The defendant claims that the items taken and tests and observations made were taken or made in violation of the Fourth Amendment ban against unreasonable searches and seizures. Specifically, he contends that the searching officers had no warrant, that the search and seizure was not validated by O’Neal’s consent, and that the items seized and the observation and tests made constituted mere evidence and as such must be suppressed.

******

A. Although the defendant as a gratuitous guest had relatively little interest in the premises it does seem that he has so-called “standing” to seek suppression of evidence taken from the premises under Jones v. United States, 362 U.S. 257, 80 S.Ct. 725, 4 L.Ed.2d 697 (1960). The defendant argues that this “standing” is also sufficient to invalidate the consent given by O’Neal, again placing his reliance on Jones, supra. The Court rejects this theory as an unwarranted extension of Jones.

That case eliminated hyper-technical distinctions for purposes of “standing”; it did not establish the rule that one with “standing” can without more invalidate the consent willingly given by another who also has “standing.” United States v. Eldridge, 302 F.2d 463 (4th Cir. 1962). United States v. Botsch, 364 F.2d 542 (2d Cir. 1966).

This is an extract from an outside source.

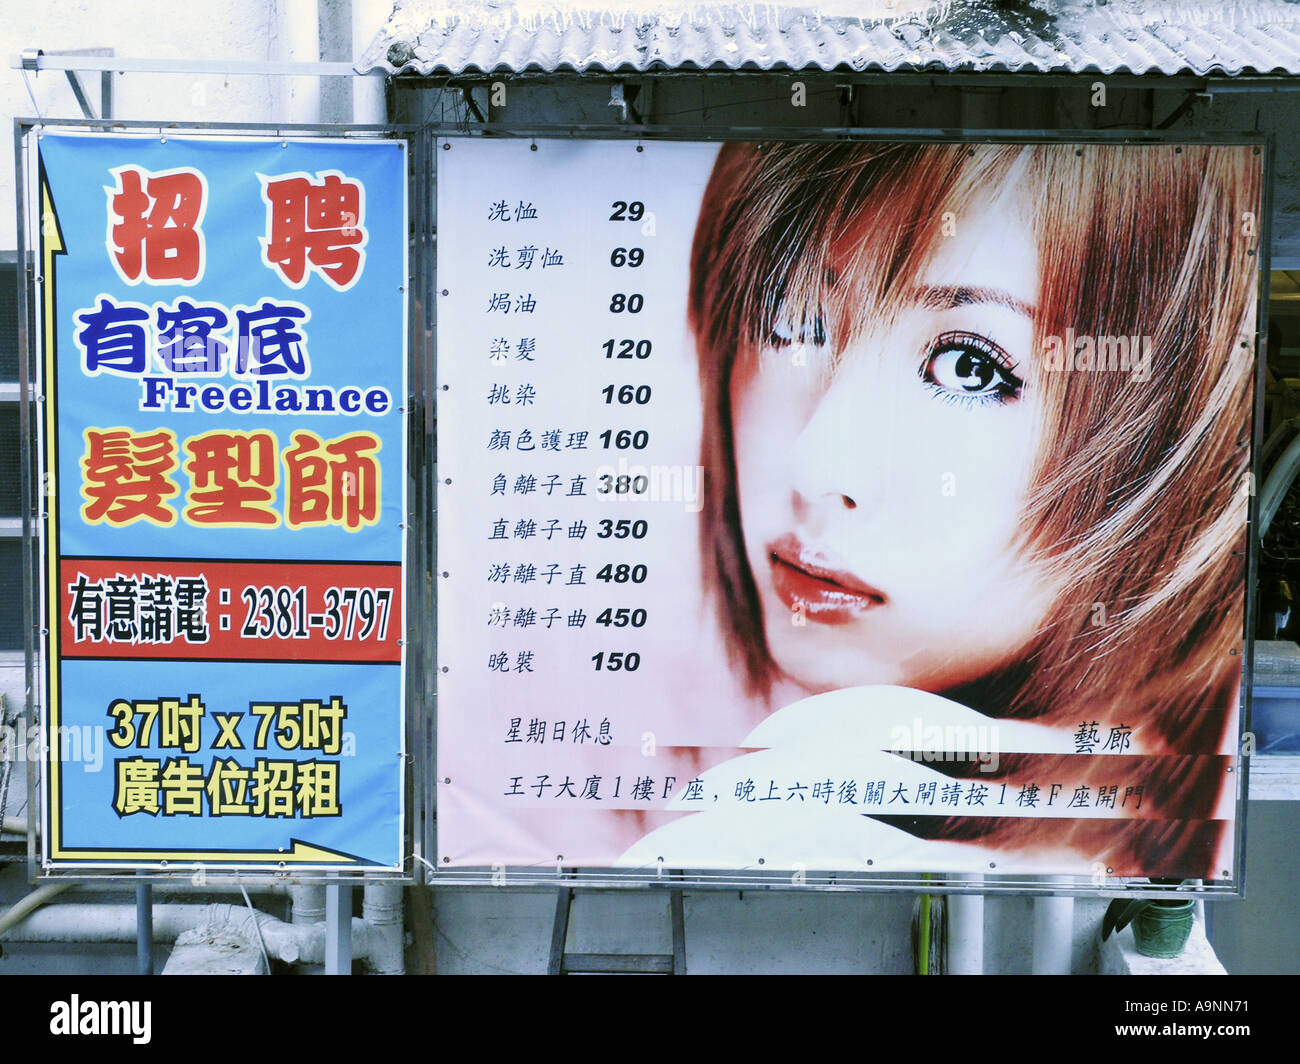 Wanted sign symbol employ employment salon frisuer Mongkok Kowloon Hong Kong china chinese asia asian life price list - Stock Image

In Eldridge the Court (per Sobeloff, J.) held that a bailor of an automobile had “standing” to challenge the search and seizure of his automobile in the possession of the bailee but that the consent given the authorities by the bailee was valid and rendered the search and seizure valid. The Court noted:

“Lower federal courts have deemed searches reasonable if consented to by the person in lawful possession of the articles seized, or the premises on which they are found, as where the defendant’s partner consented to a search, where an office manager in sole control of the office and the corporate records consented to the search and seizure, where the owner-occupant of a house consented to search of the living room in which the defendant customarily slept on a couch, where the wife of the defendant consented to a search of their home, and where an owner consented to a search of his garage and the article seized, which had been stored there by the defendant, was not packaged or otherwise concealed.” [Citations omitted]

Here O’Neal had substantial rights — obviously greater rights than White. He was the lessee as well as. the principal user and occupier of the premises. Clearly, he could give the authorities consent to enter and search his premises and the evidence disclosed as a result thereof could be used against the defendant. United States v.